Valentine’s Day should come with a warning sign. Perhaps even a danger sign complete with skull and crossbone. American women have been conditioned to believe things about Valentine’s day that can be fatal to relationships. Single women struggle to find that “someone” so that they will not wear the scarlet letter ‘S’ on their jackets. Married women are conditioned to believe that the day will be a perfectly orchestrated delight of champagne and chocolates. And divorced women are conditioned to believe that they are failures. If they had given a little more then the relationship would not have gone bad.
These are problems. We’ve allowed a day to control us instead of us controlling the day. Last year I posted a piece called “Hijacked by Hallmark” and this is my offering, of sorts, to the day. I re-read it myself so that I could be reminded of the truth of our culture and remember that it doesn’t reflect the truth about my marriage. Because the truth is that I am loved, and I love. It is a flawed and imperfect love that has had assaults on many fronts – but it is a love based on the God who loves best and relentlessly pursues both of us with that love.

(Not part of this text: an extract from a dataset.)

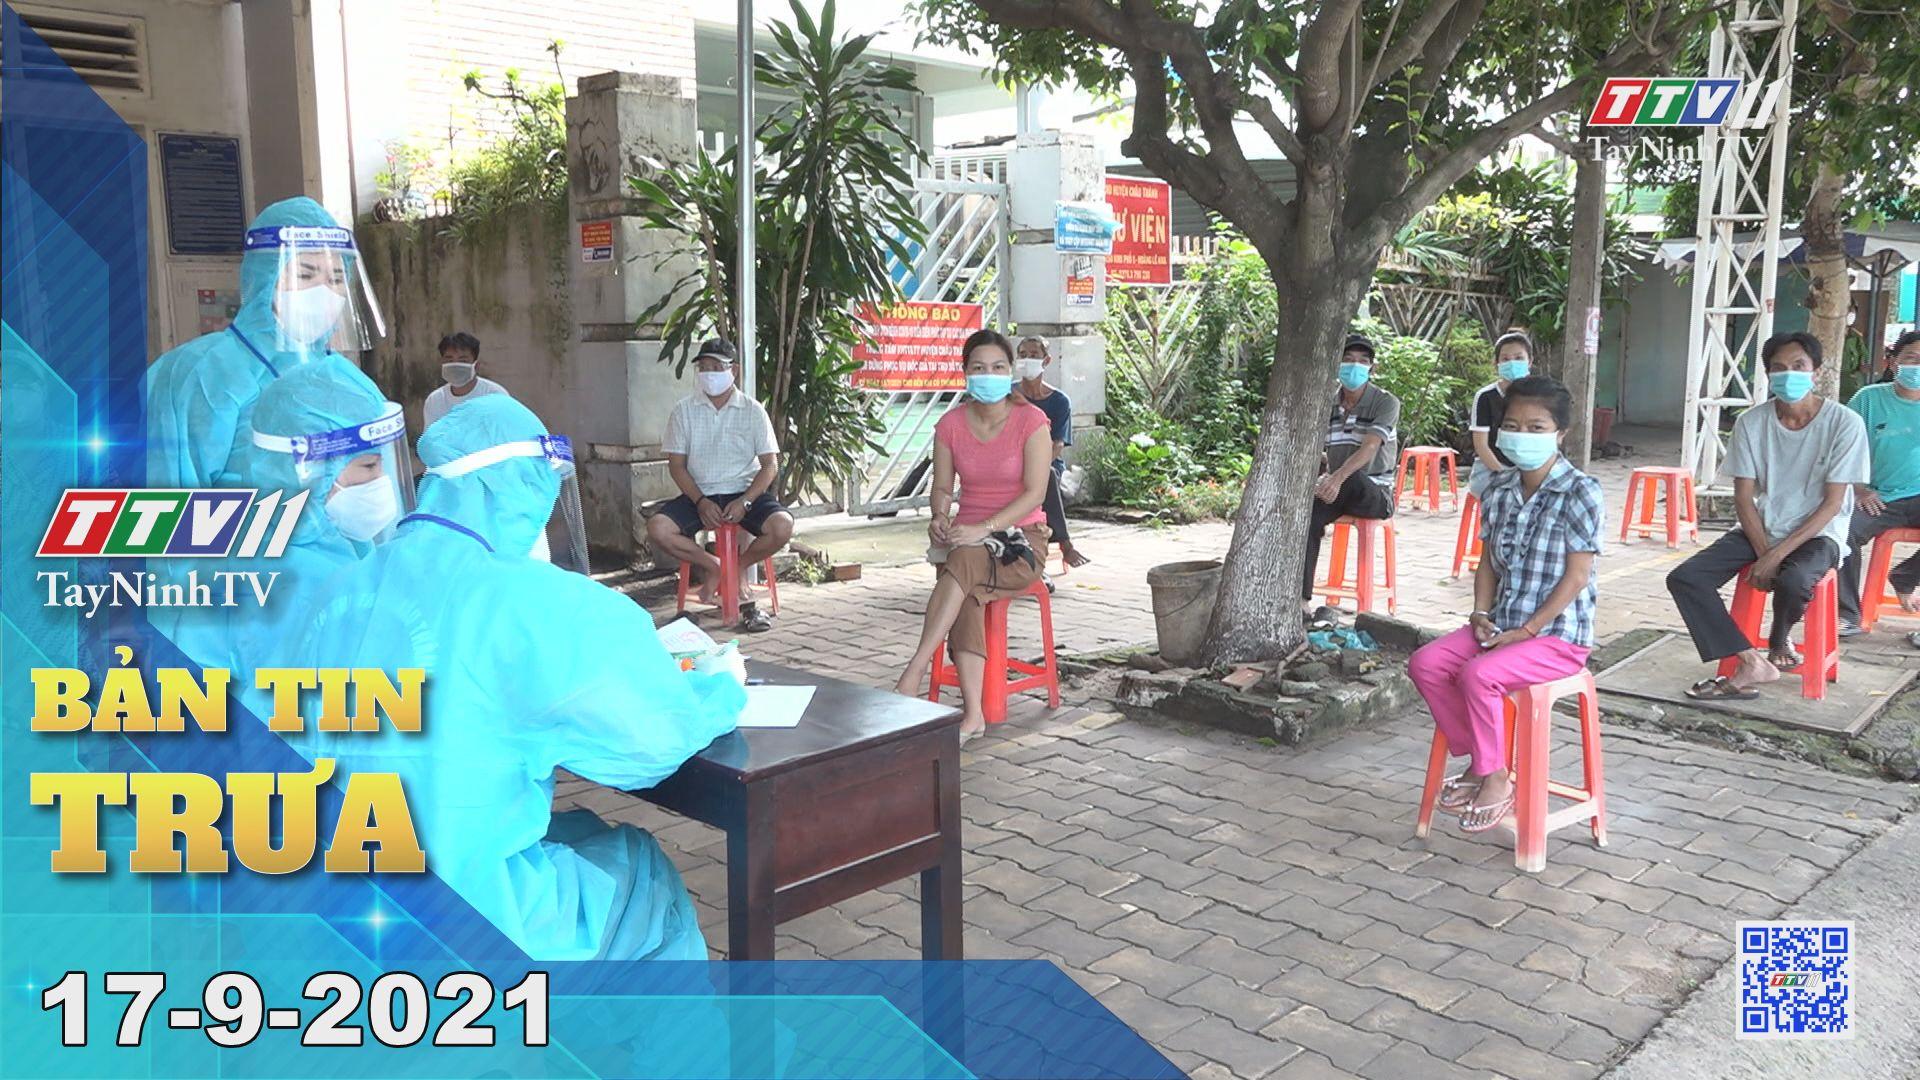 Bản tin trưa 17-9-2021 | Tin tức hôm nay | TayNinhTV
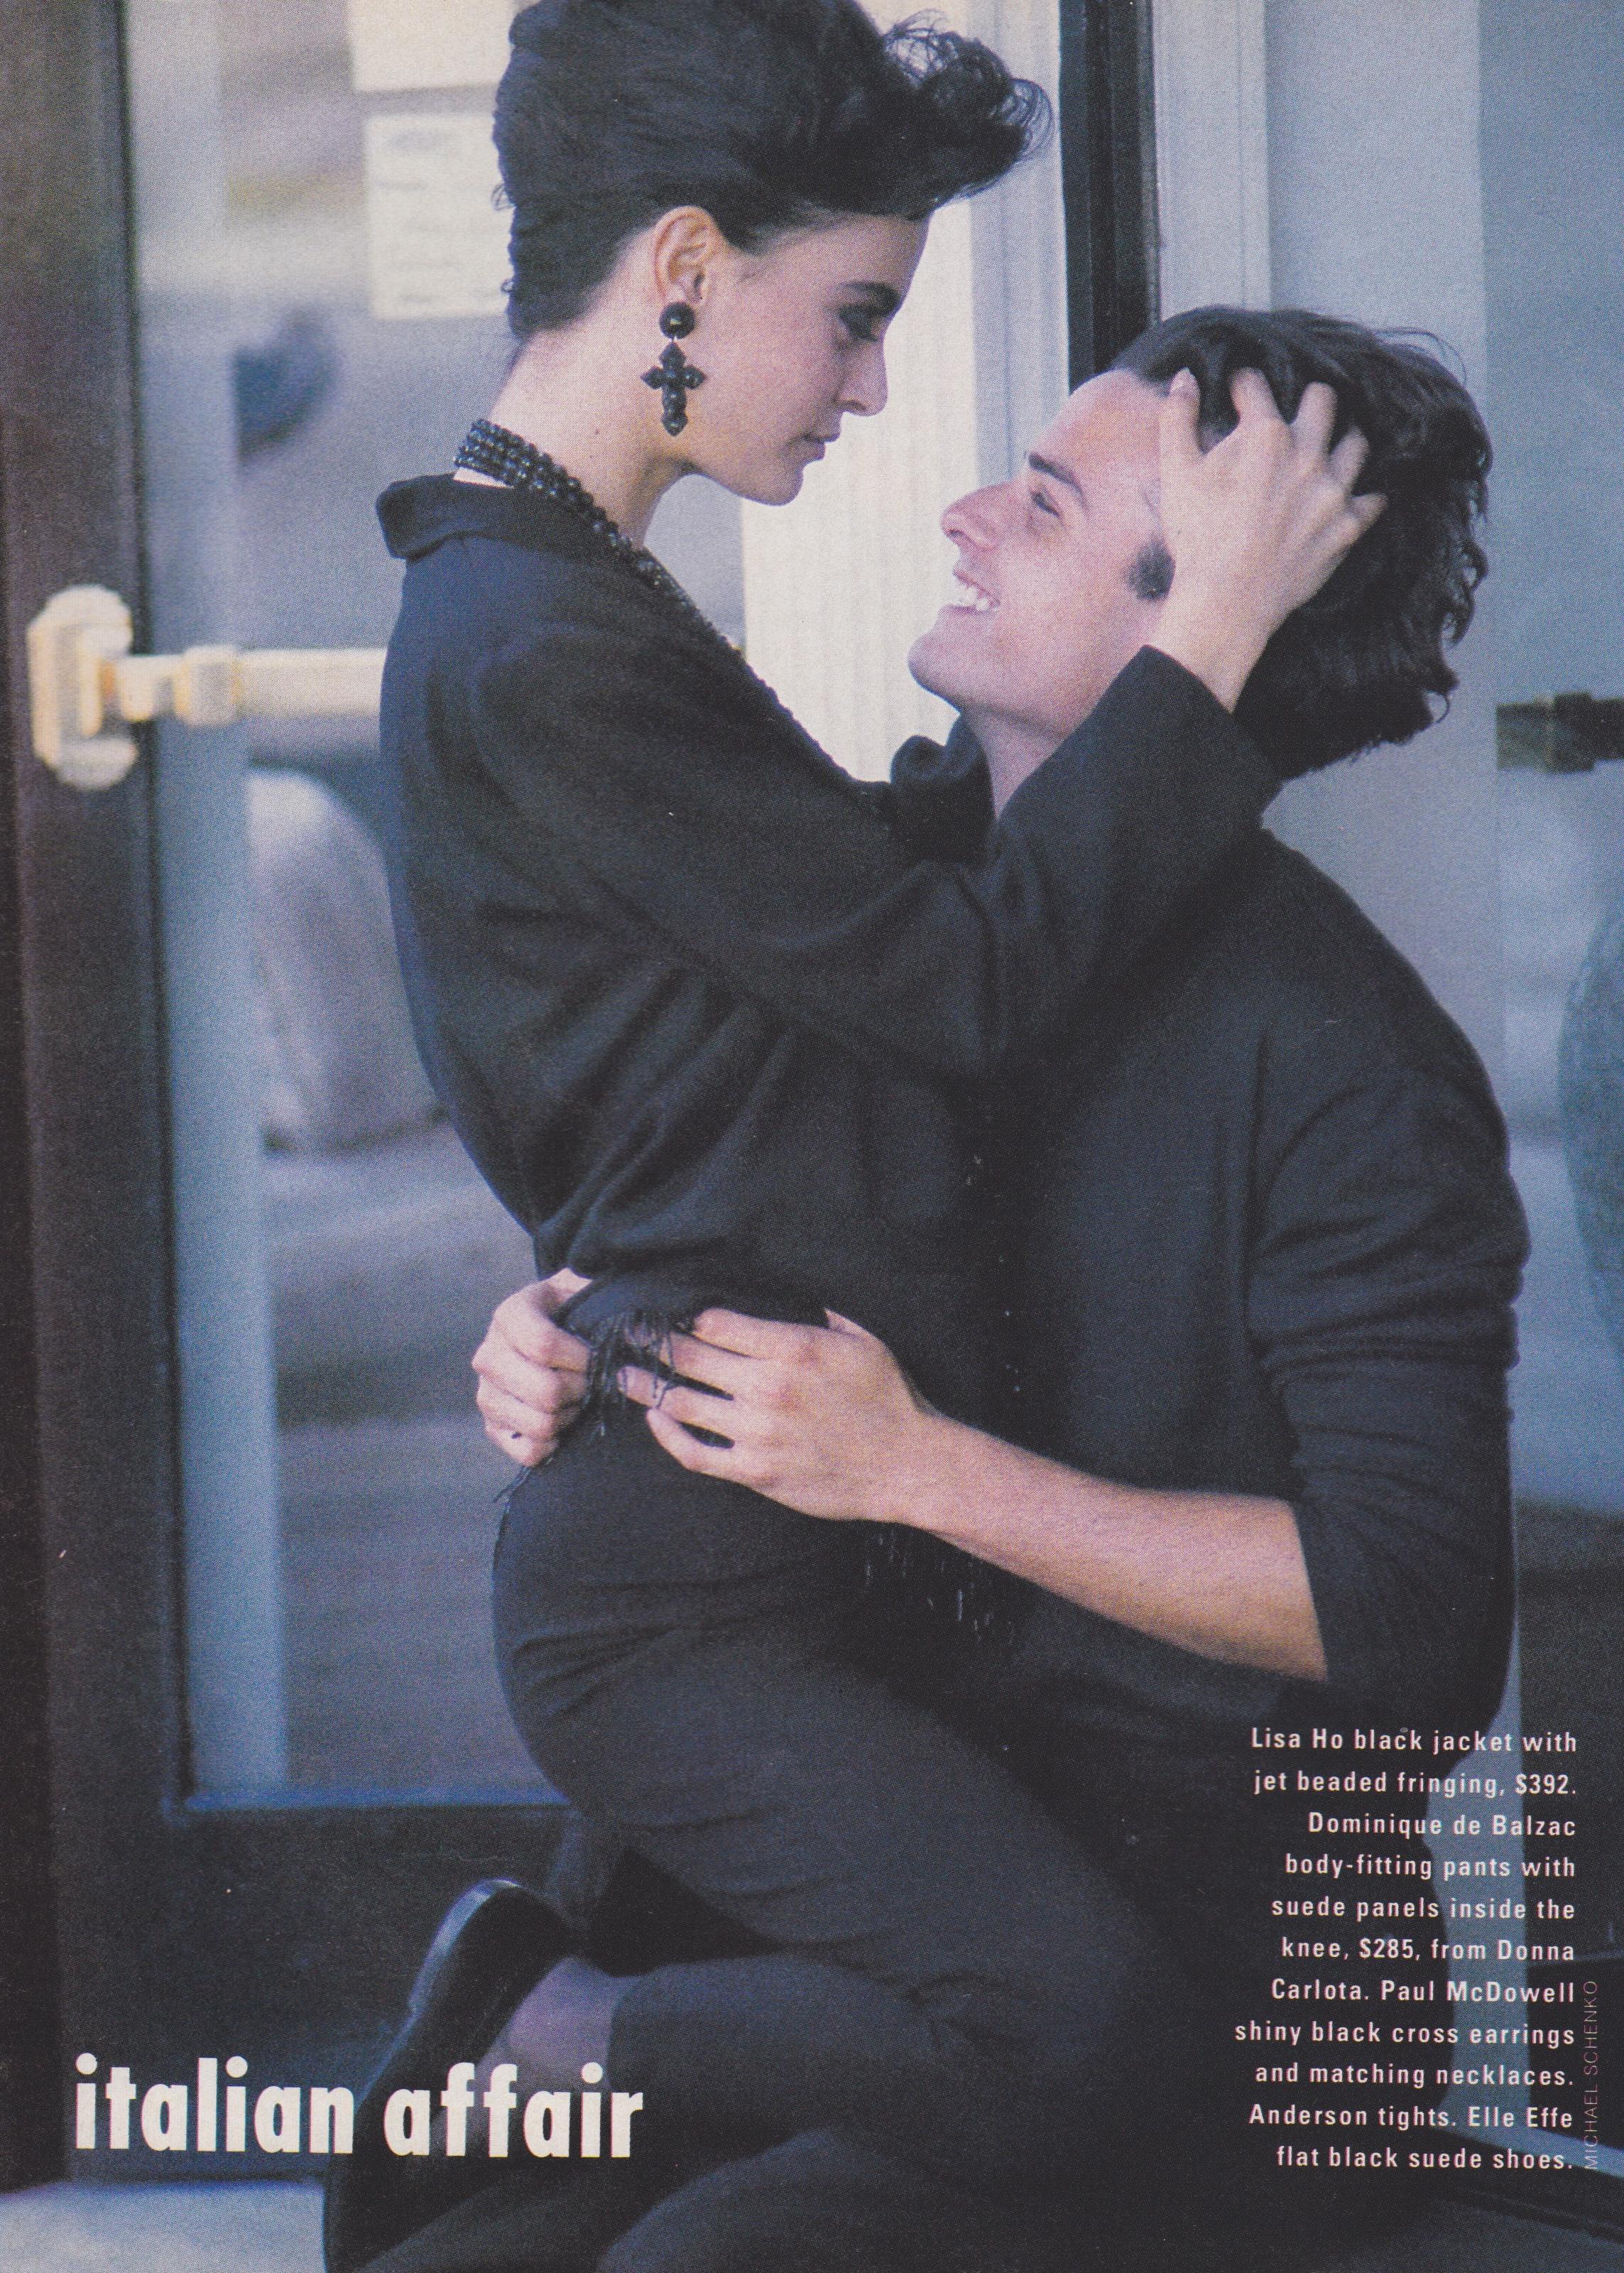 Cosmo June 1990 | International Style 11.jpeg

So Happy Valentine’s Day to those of you in countries where it is celebrated. To those who do not celebrate – may you reflect on norms in your culture that may or may not reflect the truth about relationships and who you are as a woman or a man. Thanks for reading.
Hijacked by Hallmark – Posted a year ago today!
Happy Valentine’s Day! A day of roses, chocolates, love, champagne, and, dare i say, disappointment?
For the record: I’m not a hater! It isn’t that I don’t love romance, or valentine’s day. Believe me – I do. But what I do know is that I have been hijacked into believing that the images portrayed by Hallmark and Hollywood are reality – and when my life doesn’t match those images, there is a discontent. In other words, I’ve drunk the koolaid and have bought in to this 17 billion dollar day and need to stop and examine why.
The material and physical pictures portrayed in our stores and media are difficult for women to achieve without multimillion dollar budgets and a good plastic surgeon. We have been set up for a twisted perception of love by Hallmark and Hollywood and sold an image that doesn’t work in real life. We are left thinking this is what love is – and if our husbands/partners/friends don’t measure up (and of course, how can they?) we fall into the abyss of discontent and disappointment.
A true valentine’s day means I won’t let my relationship be hijacked by the industry that wants to define love for me and subtly or blatantly send me messages designed to make money instead of foster a relationship. I want the day to be fun and a chance to celebrate as opposed to a day of false expectations that may never be met.
So – Don’t be hijacked into thinking there is a specific way this day is supposed to be celebrated – instead enjoy it as a day to creatively express your love for those you care about.
Love is patient, love is kind. It does not envy, it does not boast, it is not proud. It does not dishonor others, it is not self-seeking, it is not easily angered, it keeps no record of wrongs. Love does not delight in evil but rejoices with the truth. It always protects, always trusts, always hopes, always perseveres.